From: "David G(dot) Johnston" <david(dot)g(dot)johnston(at)gmail(dot)com>
To: "pgsql-bugs(at)postgresql(dot)org" <pgsql-bugs(at)postgresql(dot)org>
Cc: Tom Lane <tgl(at)sss(dot)pgh(dot)pa(dot)us>, Seth P <seth-p(at)outlook(dot)com>
Subject: Re: BUG #13908: Query returns too few rows
Date: 2016-02-04 22:13:00
Message-ID: CAKFQuwZcE4x=2ZvFpiuTagdwLACuTtTVk_NxZed3NUOKe7ziQQ@mail.gmail.com
Views: Raw Message | Whole Thread | Download mbox | Resend email
Thread:
Lists: pgsql-bugs

Tom, we really need you to chime in here.

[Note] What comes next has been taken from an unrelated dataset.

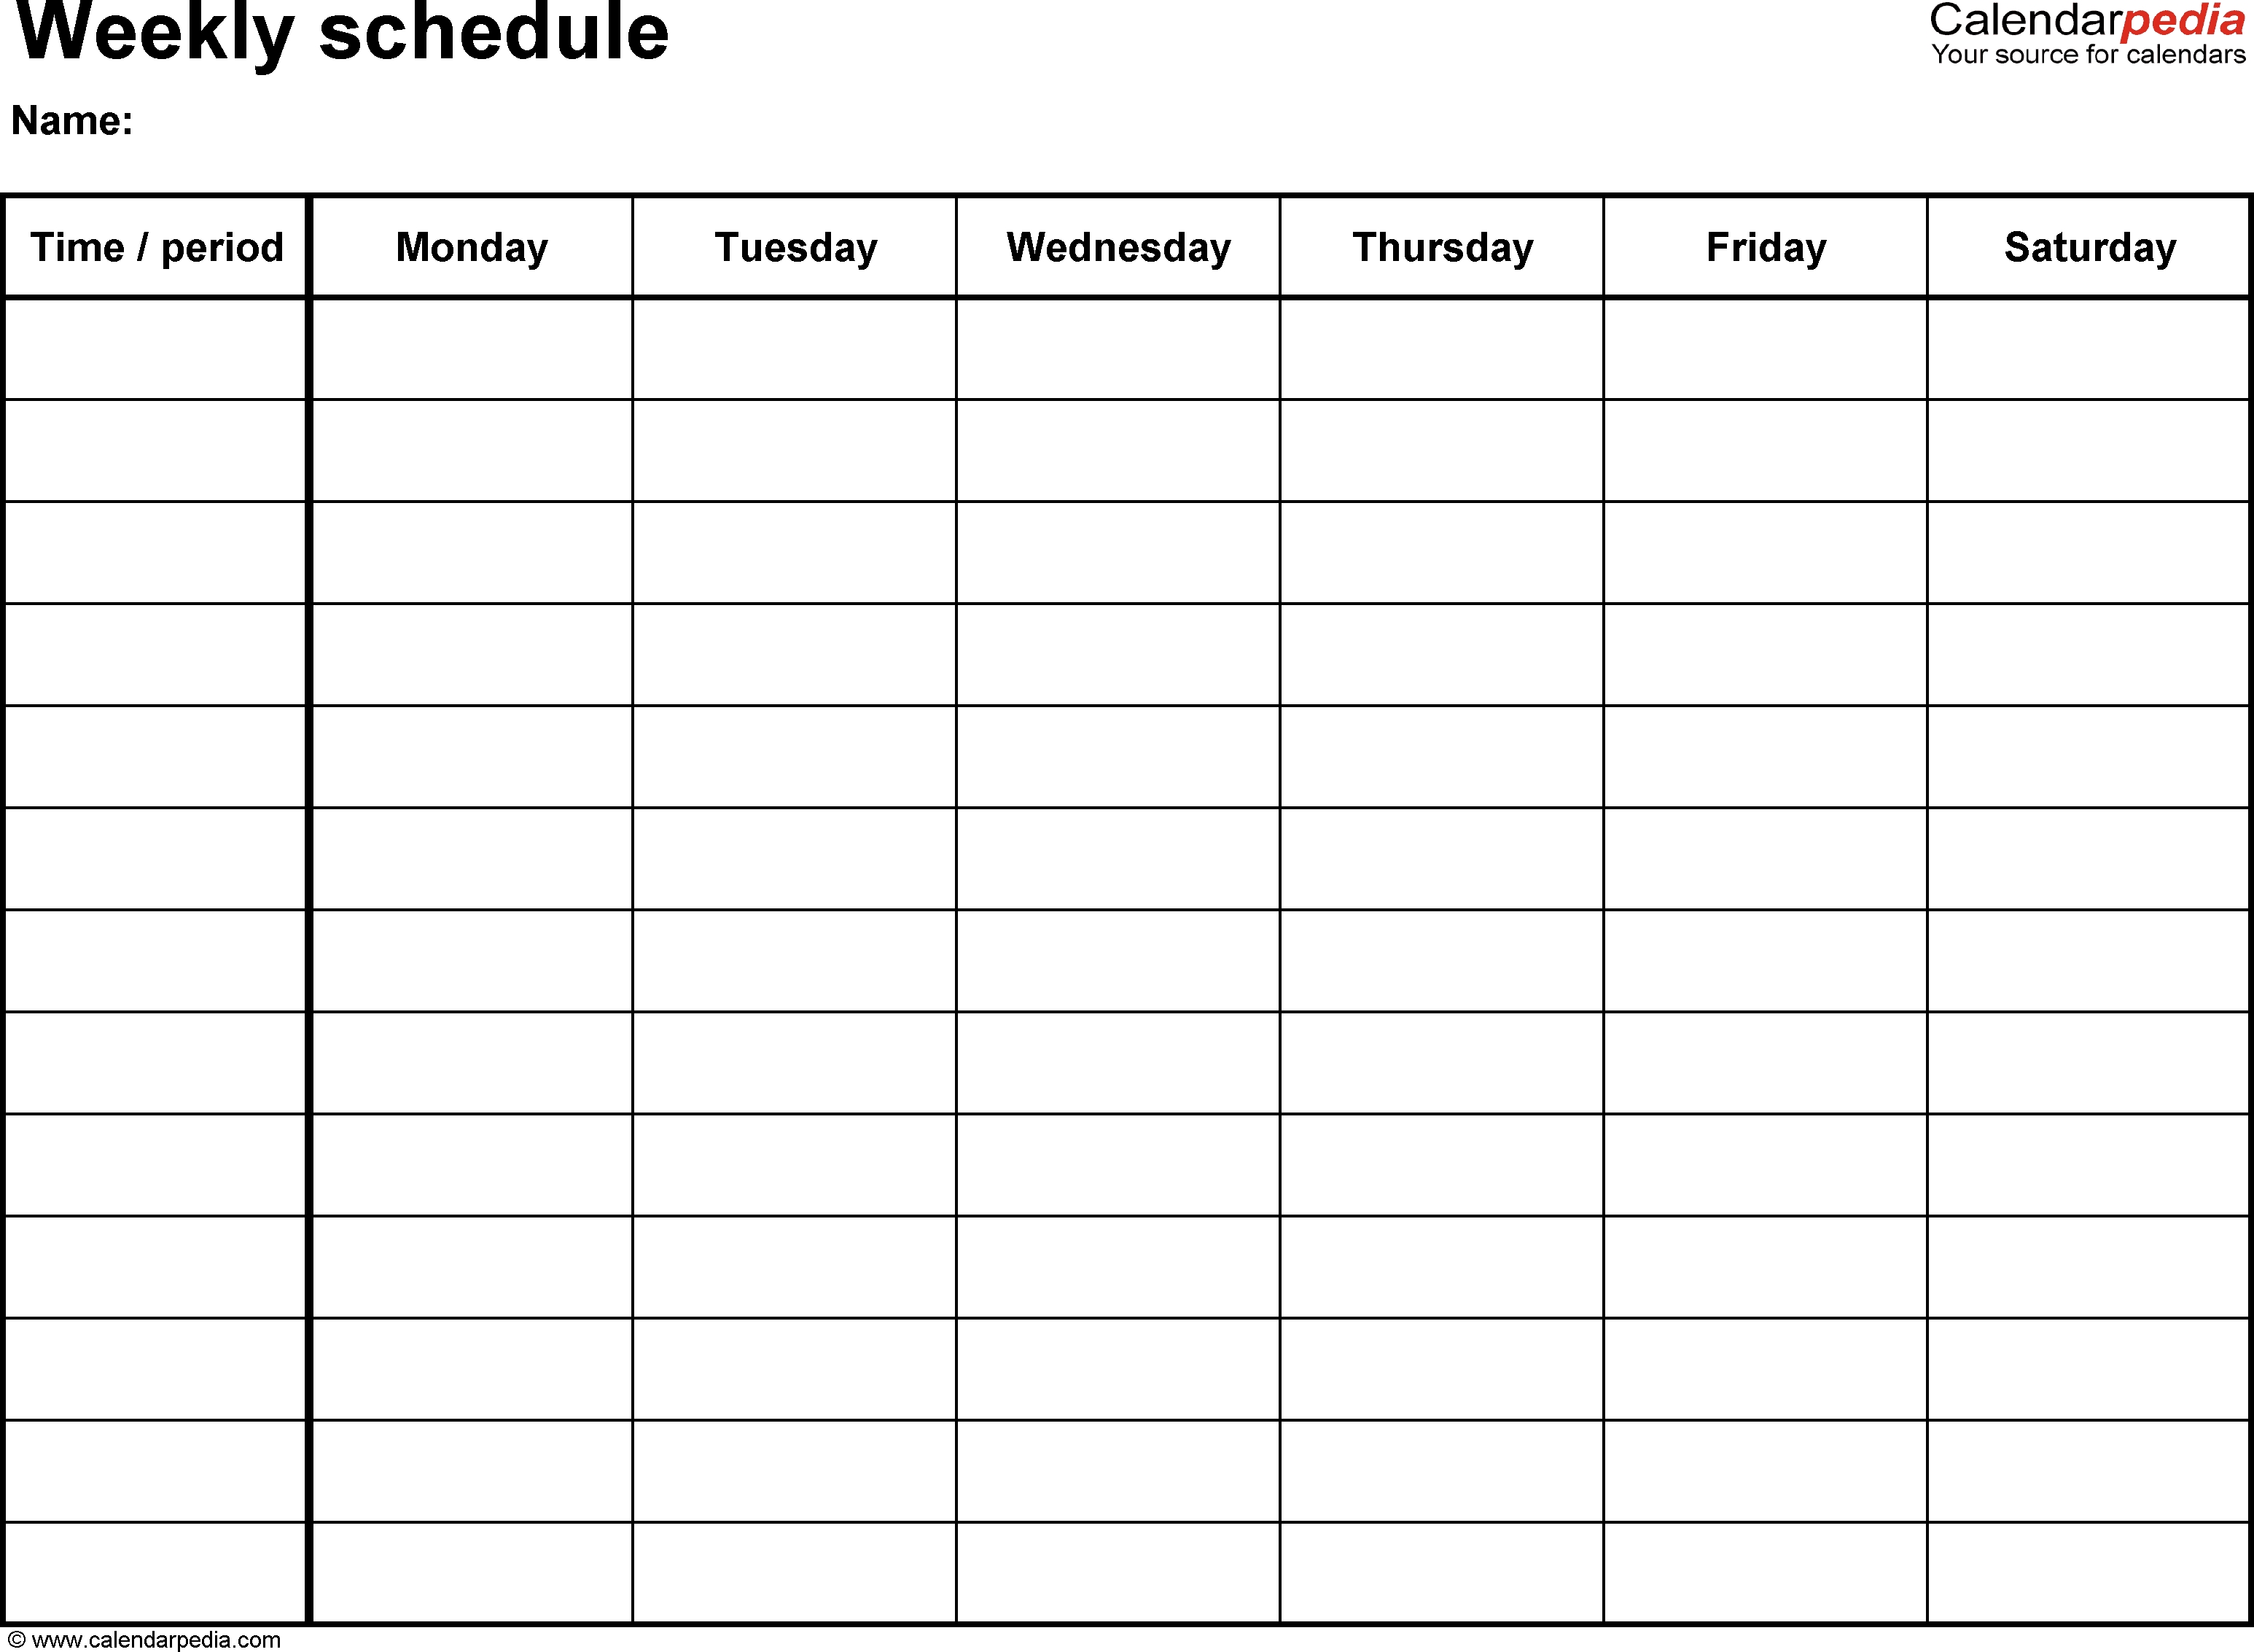 Free Weekly Schedule Templates For Word - 18 Templates intended for Blank Weekly Calendar Monday To Friday
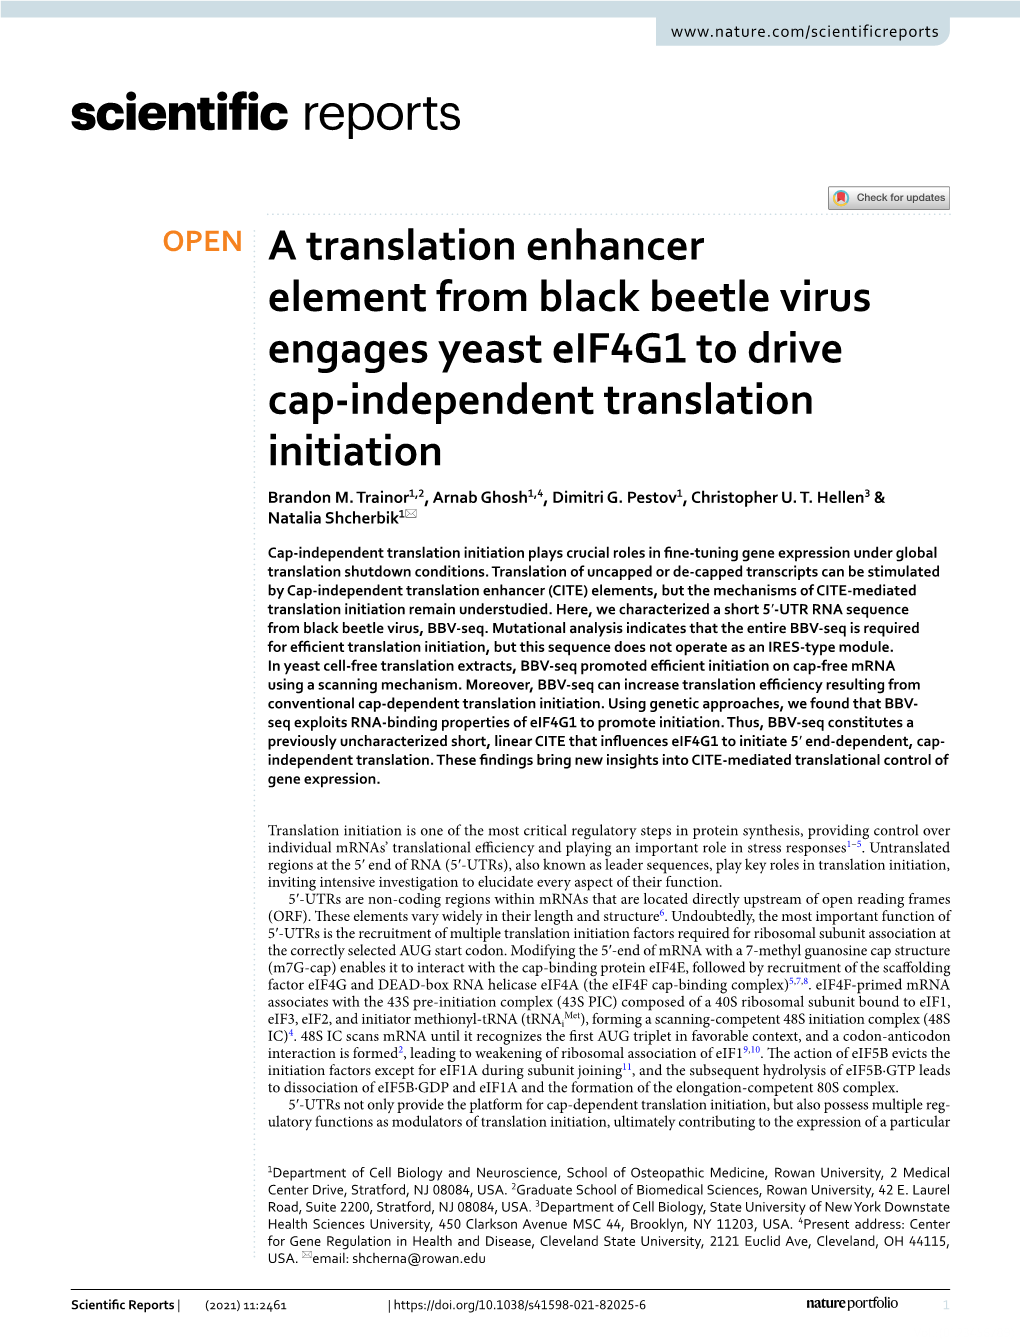 A Translation Enhancer Element from Black Beetle Virus Engages Yeast Eif4g1 to Drive Cap-Independent Translation Initiation

On Thu, Feb 4, 2016 at 2:58 PM, David G. Johnston <
david(dot)g(dot)johnston(at)gmail(dot)com> wrote:

> Adding back the list so that everyone can see the latest finding. Adding
> in the original bug block too...
> ​
>
> The following bug has been logged on the website:
>
> Bug reference: 13908
> Logged by: Seth
> Email address: seth-p(at)outlook(dot)com
> PostgreSQL version: 9.5.0
> Operating system: Windows 10
> Description:
>
>
> * -> Unique (cost=1497322.60..1501340.65 rows=267870 width=24) (actual
> time=153375.583..154829.461 rows=415874 loops=1)*
>
>

​Without running any DML I just got this result on the DISTINCT query...​

*​ -> Unique (cost=1519634.64..1520973.99 rows=200 width=48) (actual
time=161695.425..163174.422 rows=416075 loops=1)*

There is nothing in the SQL​ itself that would invoke an order dependency...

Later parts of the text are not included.